Satellite methods underestimate indirect climate forcing by aerosols.

Satellite-based estimates of the aerosol indirect effect (AIE) are consistently smaller than the estimates from global aerosol models, and, partly as a result of these differences, the assessment of this climate forcing includes large uncertainties. Satellite estimates typically use the present-day (PD) relationship between observed cloud drop number concentrations (N(c)) and aerosol optical depths (AODs) to determine the preindustrial (PI) values of N(c). These values are then used to determine the PD and PI cloud albedos and, thus, the effect of anthropogenic aerosols on top of the atmosphere radiative fluxes.
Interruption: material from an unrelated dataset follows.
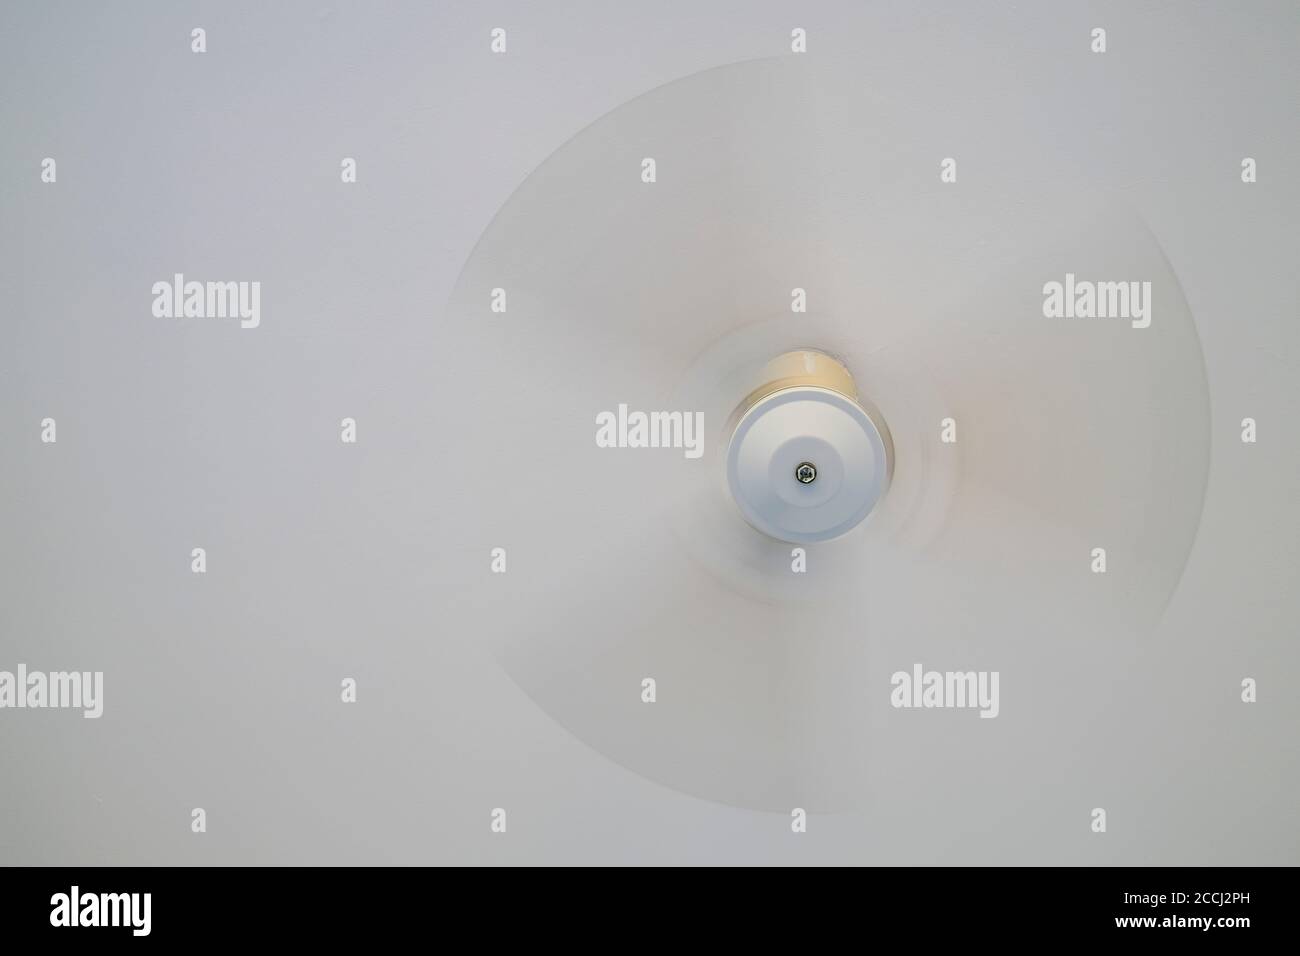 Ceiling fan turning under a white ceiling Stock Photo

Here, we use a model with realistic aerosol and cloud processes to show that empirical relationships for ln(N(c)) versus ln(AOD) derived from PD results do not represent the atmospheric perturbation caused by the addition of anthropogenic aerosols to the preindustrial atmosphere. As a result, the model estimates based on satellite methods of the AIE are between a factor of 3 to more than a factor of 6 smaller than model estimates based on actual PD and PI values for N(c). Using ln(N(c)) versus ln(AI) (Aerosol Index, or the optical depth times angstrom exponent) to estimate preindustrial values for N(c) provides estimates for N(c) and forcing that are closer to the values predicted by the model. Nevertheless, the AIE using ln(N(c)) versus ln(AI) may be substantially incorrect on a regional basis and may underestimate or overestimate the global average forcing by 25 to 35%.